Colonia in the Roman province of Numidia

Calama was a colonia in the Roman province of Numidia situated where Guelma in Algeria now stands.

G. Mokhtar places it just within the Roman province of Africa Proconsularis, to the east of Numidia, but it is generally believed to have been in Numidia, a province created probably in 198–199.

==History==
Calama was founded by the Phoenicians and called Malaka, similar to their colony Malake (𐤌𐤋𐤊𐤀, mlkʾ) at Málaga, Spain. Malaka was situated in the Berber kingdom of Numidia. When this area later came under Roman rule, the city was renamed Calama. Between the late republic and early empire, it was governed by a Punic-inspired twin magistracy of sufetes.

Whether Calama is identical with the town of Suthul which the Roman general Aulus Postumius Albinus unsuccessfully tried to take in 110 BC, (cf. Battle of Suthul) is disputed, with some denying it and others cautiously affirming it.

In the 1st century AD, Calama, then part of the Roman province of Numidia, became a major urban centre. It was given the rank of a Roman municipium as early as Hadrian, and of a colonia later. The city was sponsored by Vibia Aurelia Sabina, sister of the Emperor Commodus (late 2nd century). Calama was, with Setifis (Setif) and Hippo Regius (Annaba), one of the granaries of Rome in the 2nd and 3rd centuries AD. Under Septimius Severus, Calama became one of the most prosperous cities in the Roman empire, with thermae and a huge theatre.

Calama became a Christian bishopric, four of whose bishops are named in extant documents:
- Donatus (not to be confused with Donatus Magnus) was accused in a council held in 305 of having handed over the sacred scriptures during the Decian persecution
- Megalius gave episcopal ordination to Saint Augustine in 395 and died in 397
- Saint Possidius, elected in the year of Megalius's death, took an active part in the joint Conference of Carthage (411) with Donatist bishops
- Quodvultdeus was one of the Catholic bishops whom Huneric summoned to Carthage in 484 and then exiled.

Possidius wrote the first biography of Augustine, in which he lets it be known that he himself was one of the clergy of Augustine's monastery when he was appointed bishop of Calama.
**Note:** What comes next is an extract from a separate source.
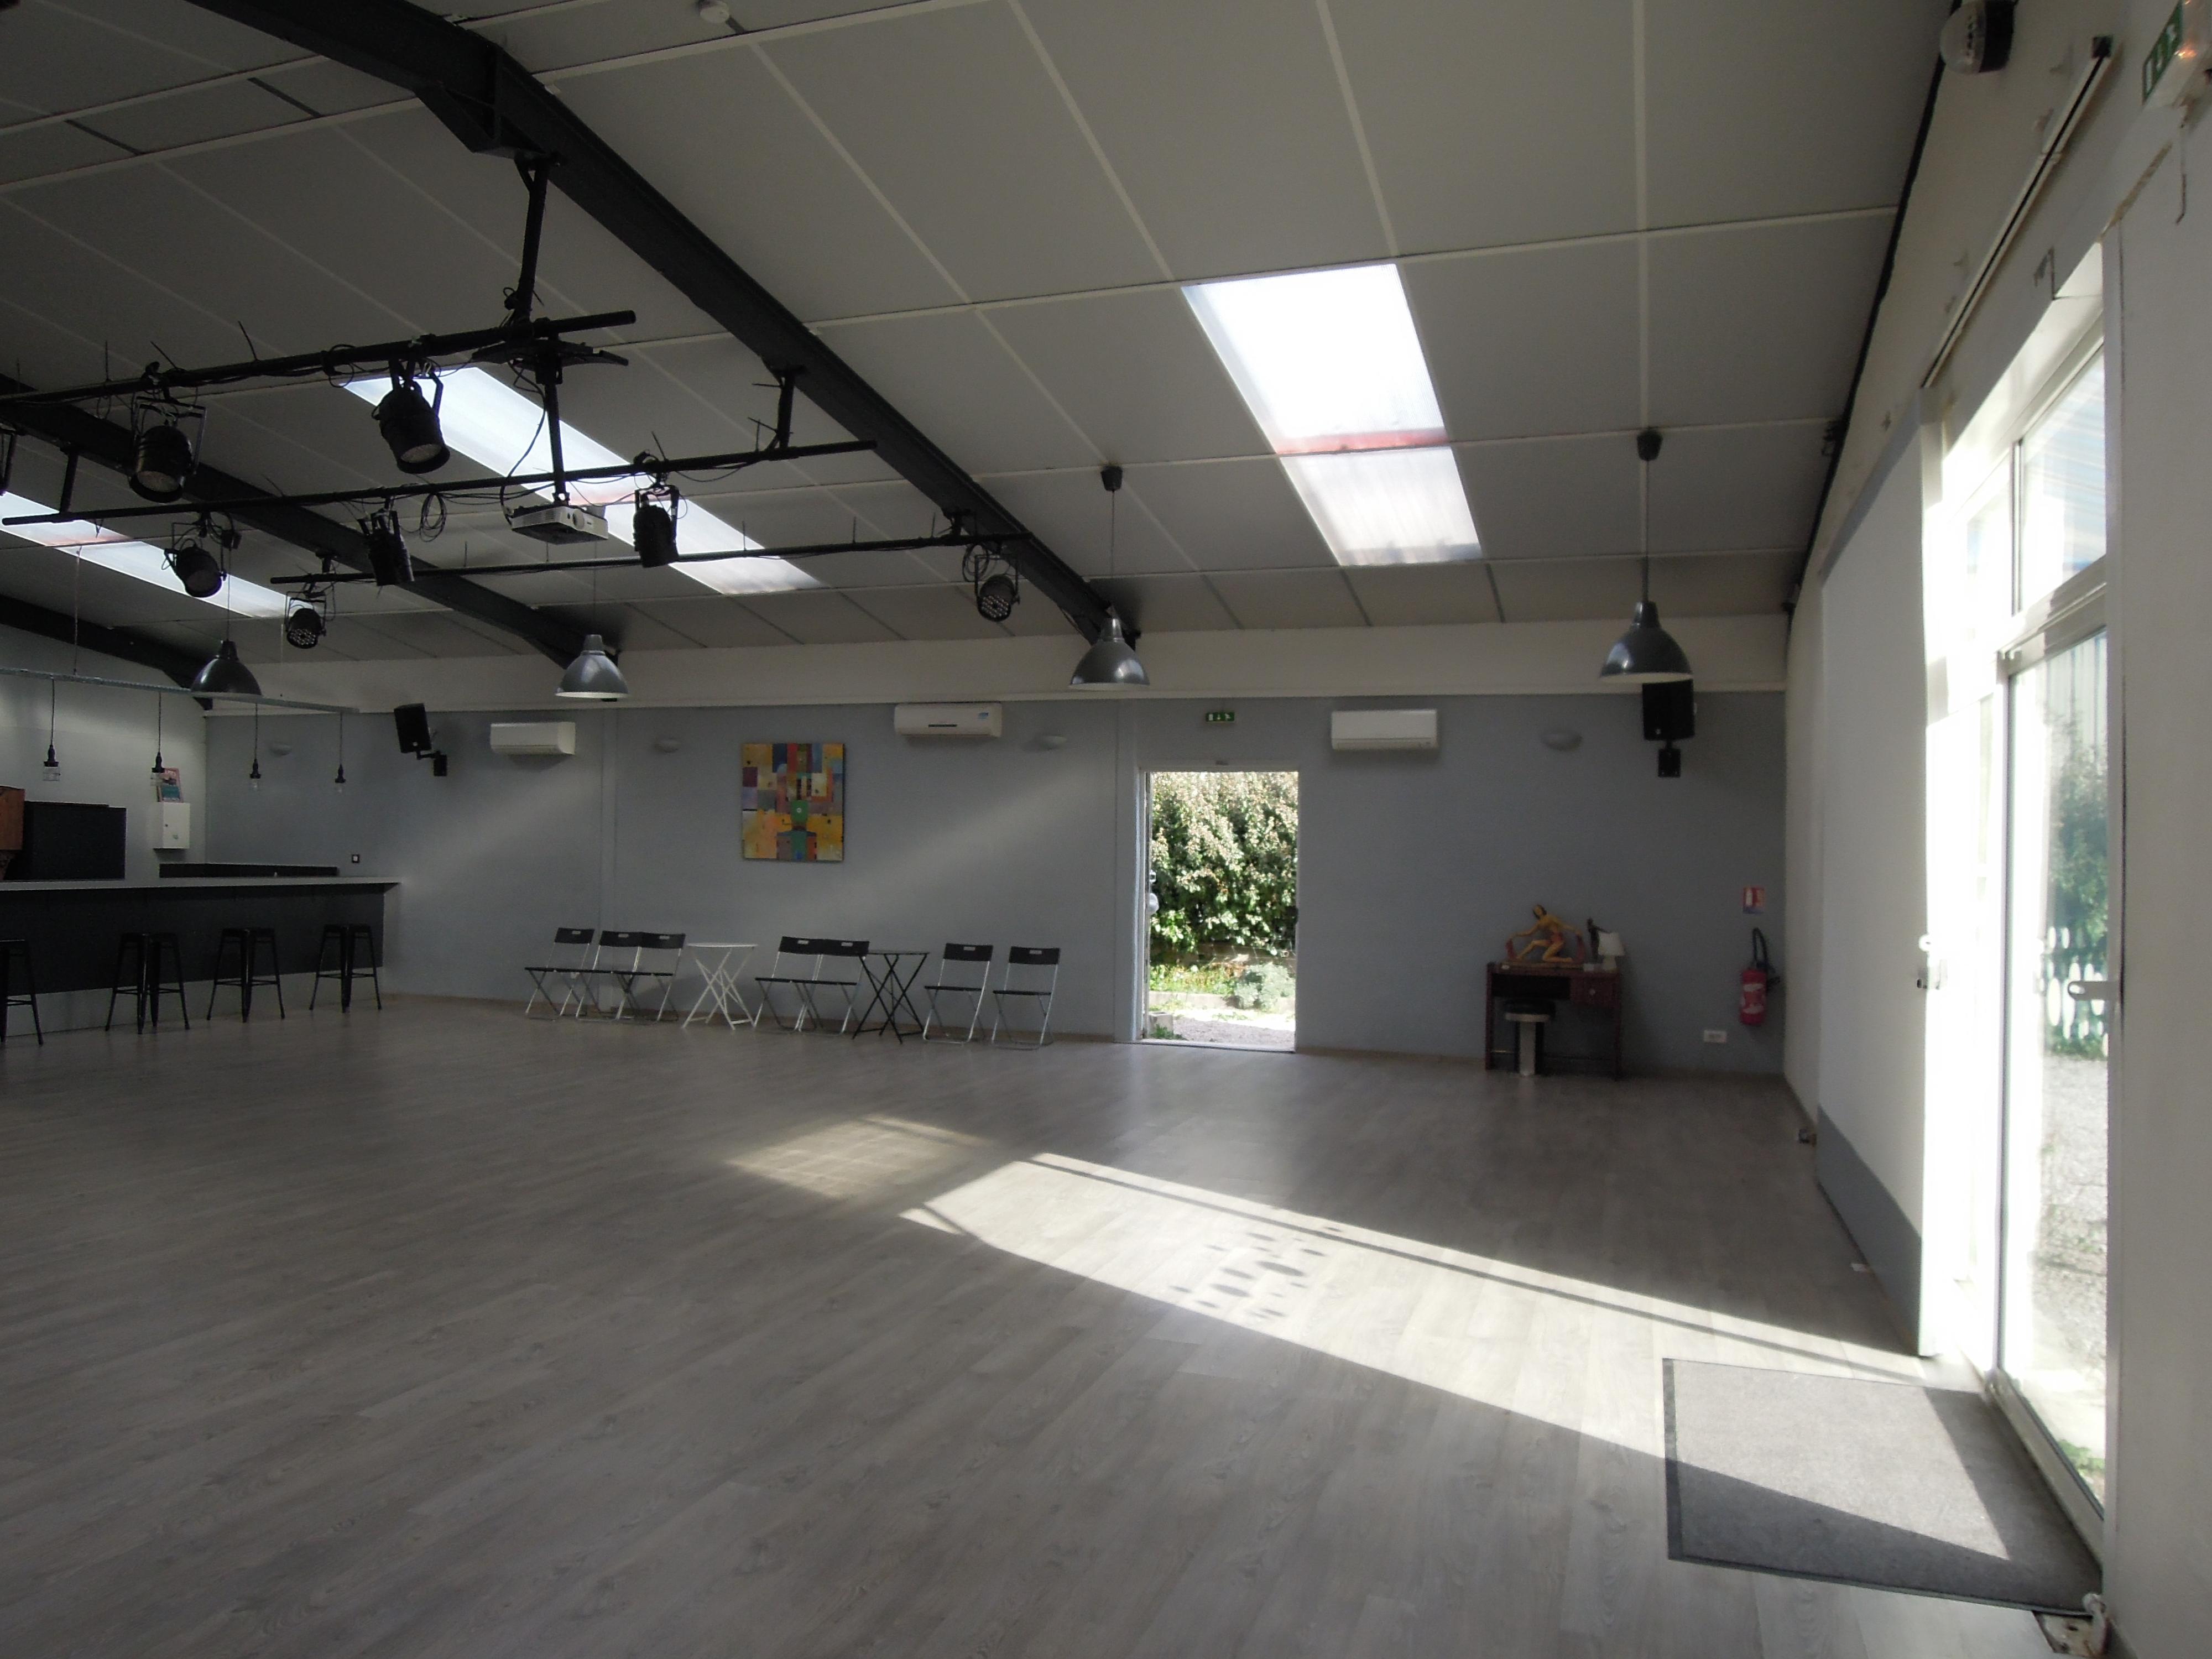 Dscn6005 el sal n de tango rufino luro cambaceres location salle de danse montpellier - Danse de salon montpellier ...

When Calama fell into the hands of the Vandal king Genseric in 429, Possidius took refuge with Augustine within the walled city of Hippo Regius. He was present at Augustine's death in 430.

No longer a residential bishopric, Calama is today listed by the Catholic Church as a titular see.

The invading Vandals captured and partially destroyed Calama and defeated Count Bonifacius near the city in 431.

After the conquest of Numidia by the Byzantine Empire, Solomon (a general of Justinian I) built a fortress there between 539 and 554. Calama's population was fully Christian in the 6th and 7th century.

With the spread of Islam, Byzantine rule of Calama ended (some Christians survived until the 9th century) and slowly Calama disappeared around the 11th century (see Guelma).

===Archeological remains===
- Theatre. It is difficult to reconstruct the plan and general appearance of the Roman theatre. The only other important monument discovered are the public baths. The theatre was built in the first or second year of the 3rd century AD through the generosity of a certain Annia Aelia Restituta, who spent 400,000 sesterces on it. It was restored, indeed virtually rebuilt, from 1902 to 1918, after having served as a quarry. It is on a slope and measures 58.05 m in width, with a stage 37 m wide and 7.15 m deep. It was built with a rubble core revetted with ashlar. The tiers of seats had virtually all disappeared; they must have numbered 10 in the lower zone and 12 in the second. The orchestra was paved in marble. The edge of the stage (pulpitum) is decorated with seven niches, alternately square and semi-circular, whose sculptures have disappeared. The stage wall was divided by three semi-circular niches. The central niche surrounded by a column is pierced by a door, while the side niches are closed, contrary to architectural custom, and are decorated with statues.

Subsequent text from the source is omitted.